An interesting assertion, Wavy. I've taken one of the two copies of the post and moved it to Belief & Spirituality as it's probably a better location for this discussion - more visibility and it's likely to focus on historical data rather than the faith specifics.
 
Wavy_Wonder1 said:
The Sabbath was originally on none of the days of our week because our fixed septenary cycle of days did not exist where we find the earliest mention of the Sabbath, which didn't originate with ancient Judaism.
the word "shabbat" is etymologically related to the word for "seven", so presumably it has to be seven of something. and *obviously* we can't *possibly* believe the traditional answer now, can we? our calendar is lunar in any case and some of the months have the same names as the babylonian months, but the months have no obvious relationship with the days of the week. so this argument basically, is:

1. the earliest thing which sounds a bit like "shabbat" is in babylonia.
2. they had a lunar calendar.
3. they didn't have a seven-day week.
4. therefore it must be the same thing.
5. therefore the jews took a lunar festival, turned it into a solar festival and engineered their language around it so that every mention of "seven" or "rest" was related to it.
6. oh, but the jews kept a lunar calendar and completely eliminated the relationship of the weekly cycle to it.

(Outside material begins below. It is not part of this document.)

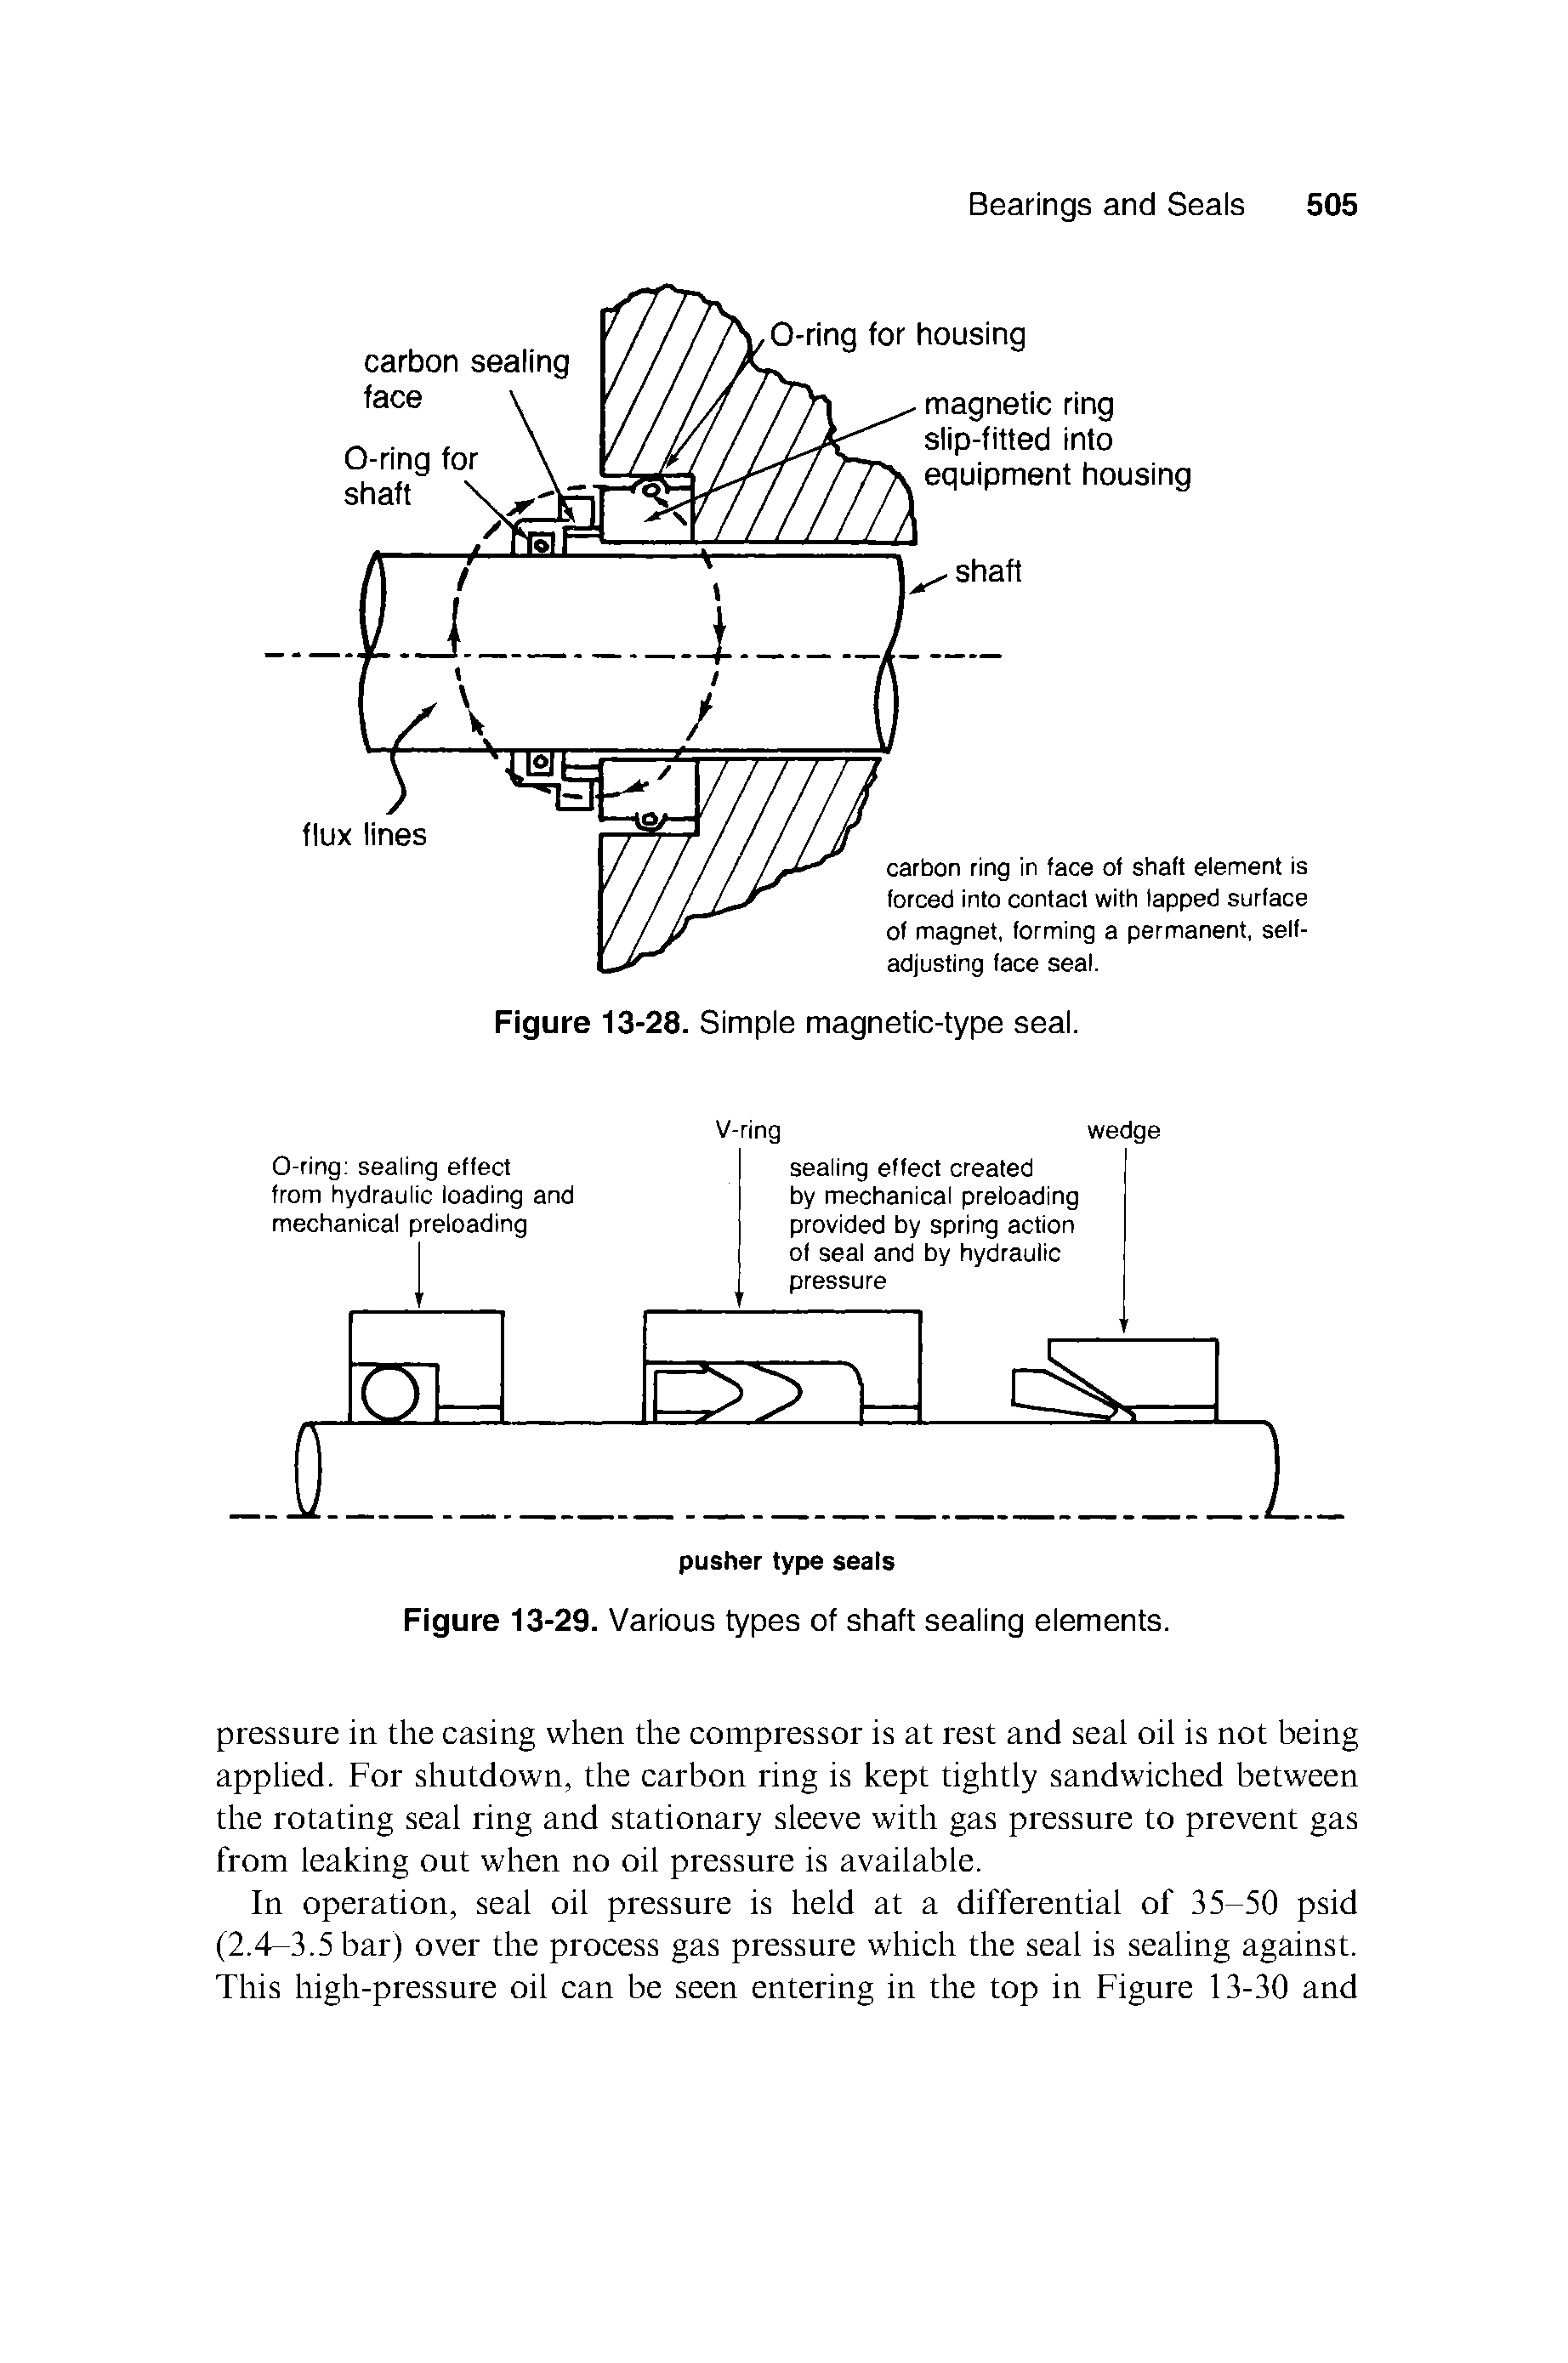 Figure 13-29. Various types of shaft sealing elements.
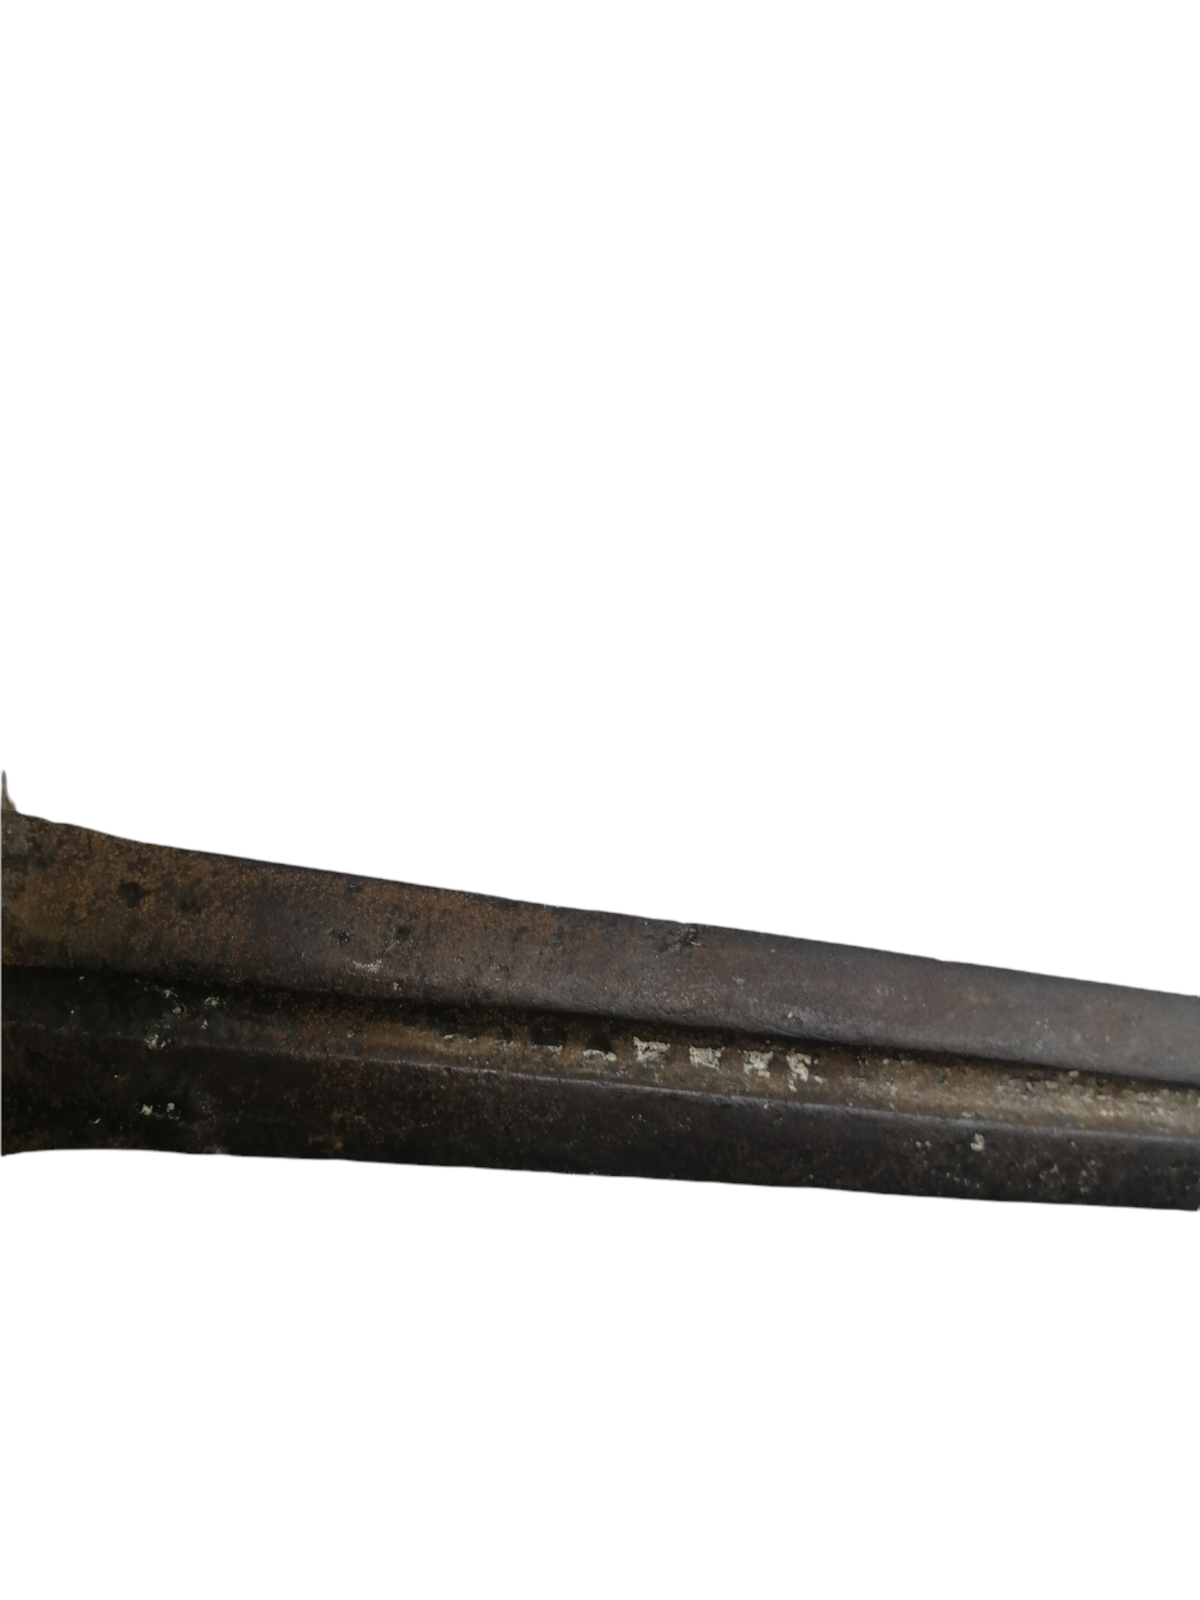 17th Century English Rapier with composite handle.

i can't be the only one that finds this somewhat of a nonsensical argument.

we're also not actually interested in the full moon at all - we don't make a fuss about the 15th as a general thing. we're interested in the *new* moon, which falls on the first day of the month. and pentecost (shavuot) falls on the 49th (7x7) day after passover but guess what, that's actually the 6th of the month of sivan. yet according to the scholars, these three festivals are related to each other, aren't they?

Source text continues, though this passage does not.